ASK HN: Book recommendations on mindfulness or EQ? - zwallman
anything?
======
nabla9
Mindfulness in Plain English by Ven. Henepola Gunaratana

[http://www.goodreads.com/book/show/64369.Mindfulness_in_Plai...](http://www.goodreads.com/book/show/64369.Mindfulness_in_Plain_English)
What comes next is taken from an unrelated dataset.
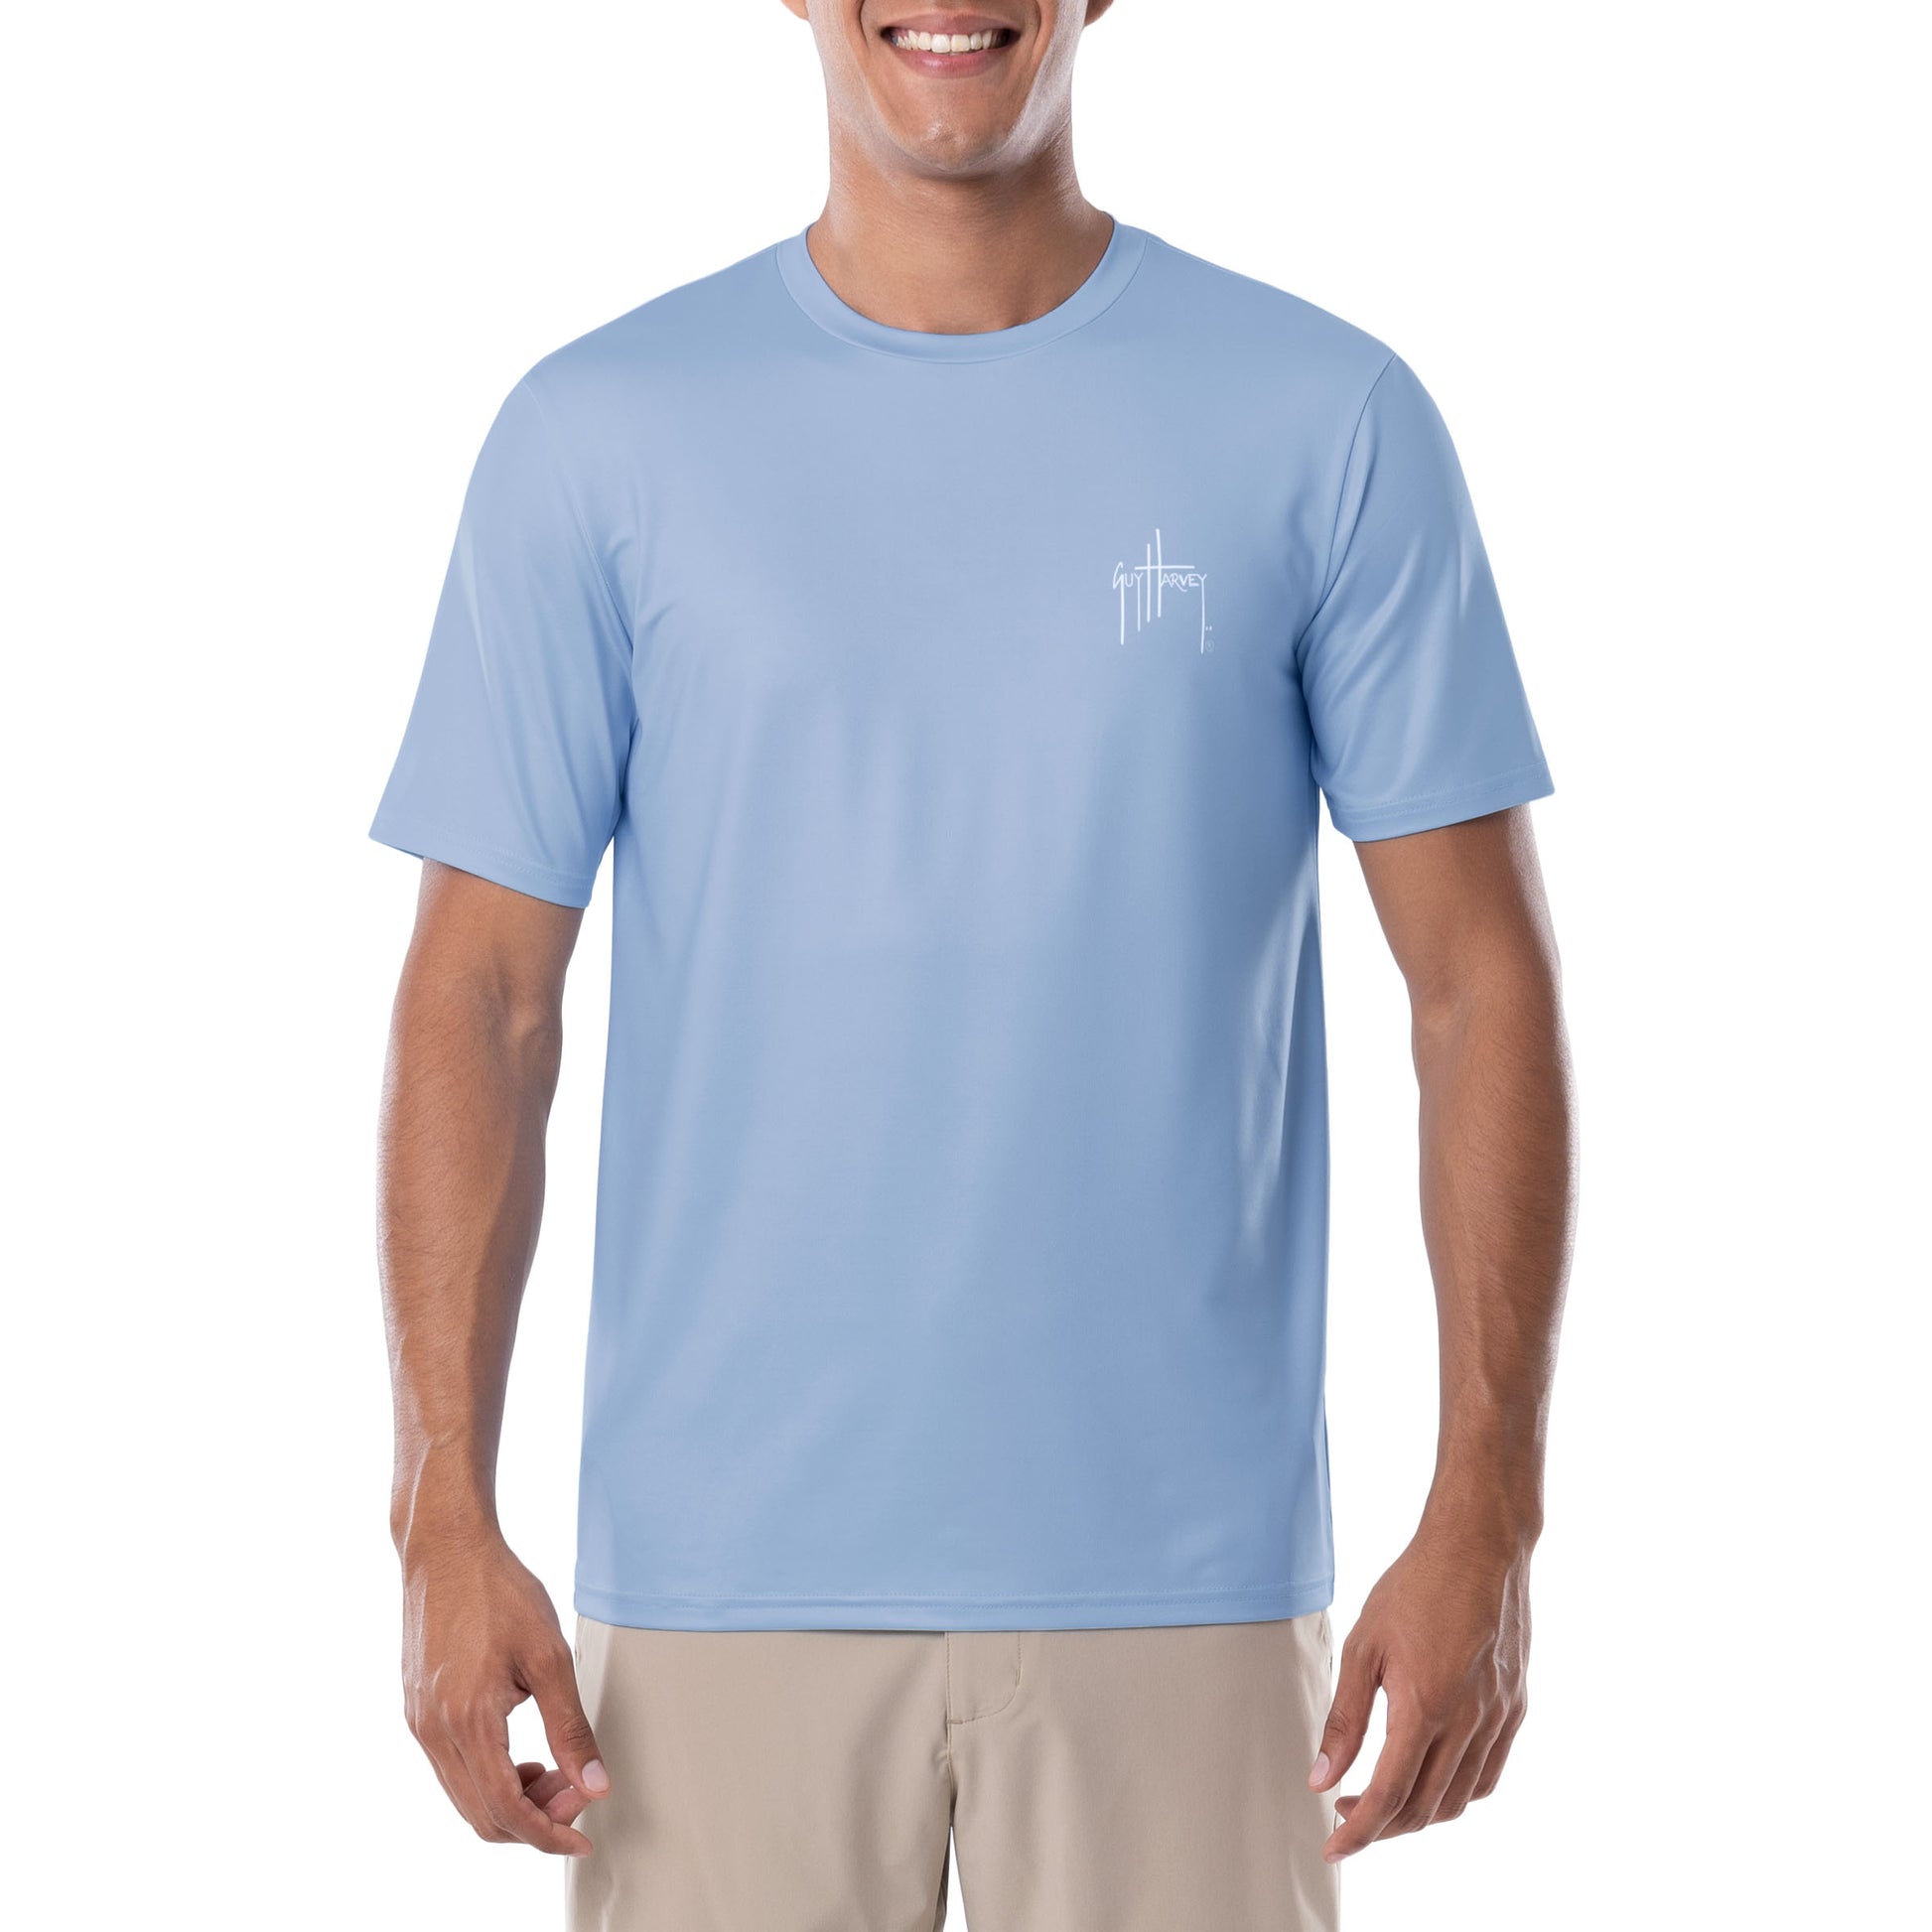 Men's Sailfish Americana Short Sleeve Performance Shirt View 2

[http://www.mindfulvalley.org/files/books/mindfulness_plain_e...](http://www.mindfulvalley.org/files/books/mindfulness_plain_english.pdf)

------
jimsojim
Emotional Intelligence by Daniel Goleman would be a good start for EQ. Here's
a list of all his work [https://www.amazon.com/Daniel-
Goleman/e/B000APZC9O/ref=pd_si...](https://www.amazon.com/Daniel-
Goleman/e/B000APZC9O/ref=pd_sim_14_bl_2?_encoding=UTF8&pd_rd_i=0553378589&pd_rd_r=S3XQJH24V5PKE7FDSZ6S&pd_rd_w=wAunh&pd_rd_wg=LVDfS&refRID=S3XQJH24V5PKE7FDSZ6S)
His work touches everything around EQ

------
Sol2Sol
Just finished reading The Open-Focus Brain by Les Fehmi and highly recommend
it as it is a self help book that actually helps and is grounded in science.
The book also comes with a CD of guided meditations.